A friend sent me a copy of a recipe she found in the Los Angeles Times by Russ Parsons – ‘Back to the basics of rice’http://www.latimes.com. Parsons cites a cookbook by Yotan Ottolenghi as his source. Once I began talking about it to other cooks, I discovered they were already using this method and, indeed, I came across recipes for other grains using the same method.

Basically, there are 4 steps. First, the rice is washed and soaked for at least an hour in salted water. Second, it is cooked in a large amount of water like pasta until it is almost done. Third, it is drained and set on the lowest heat with a tightly fitting lid for 35 minutes. (Note that Parsons recommends sprinkling a few tablespoons of water and/or oil over the drained rice, which he mounds, so that it does not get too dry.) Finally, it is removed from the heat, the lid taken off, the pot covered with a tea towel, the lid replaced and allowed to sit for 10 minutes.

I had to experiment three times before I got what I wanted. The first few times were edible but not as delicious as the 4th batch. I soaked my short grain brown rice 24 hours for easier digestion. The hard part was getting it nearly done in the ‘pasta’ step. It took much longer than white rice or even basmati. It is taking about 20 minutes. The low heat or steaming stage also took some experimentation. At first the lowest setting on my stove proved to be too high. Parsons recommends a heat diffuser but kitchen suppliers just stared blankly when I asked for one. I couldn’t even find one on-line. But hail to Lagostina. My heavy bottomed pressure cooker proved to be just the thing – a built in heat diffuser, especially since its lid sealed nicely. Of course, I didn’t choose the pressure setting.

The goal, according to Pasons, is to produce ta-dig, ‘a crisp crust of browned rice that forms on the bottom of the pan’. I have achieved that once or twice.

What I like about this method is that the individual rice grains retain their integrity so-to-speak. My old method of using a measured amount of water in an Ohsawa pot in the pressure cooker produced a mushy rice that I would not have served guests or taken to a potluck dinner. Yet, with the increased soaking time, it proved to be digestible.
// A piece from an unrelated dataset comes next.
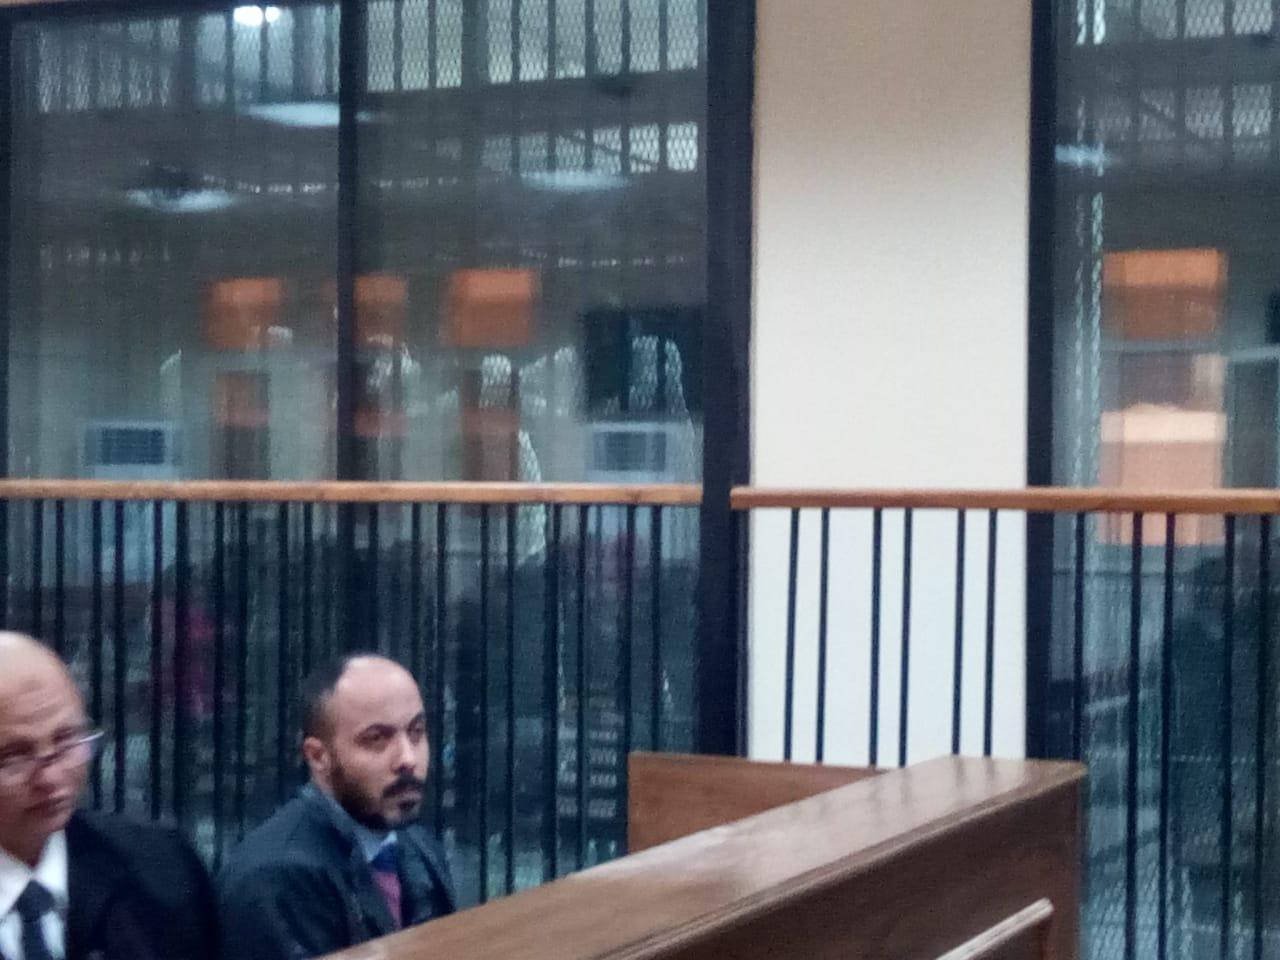 هيئة المحكمة برئاسة المستشار محمد سعيد الشربينى تفض احراز العائدون من ليبيا (7)

Parsons includes a recipe for a pilaf he calls muceddere which is made with basmati rice, lentils, chick peas, and tomatoes. I made a double batch and took it to one potluck lunch and was only briefly taken aback when an Iranian woman about my age -that is a cook of many years – helped herself to it. She didn’t comment but at least the vegetarians enjoyed it. I also tried the recipe using dates and almonds but preferred the muceddere.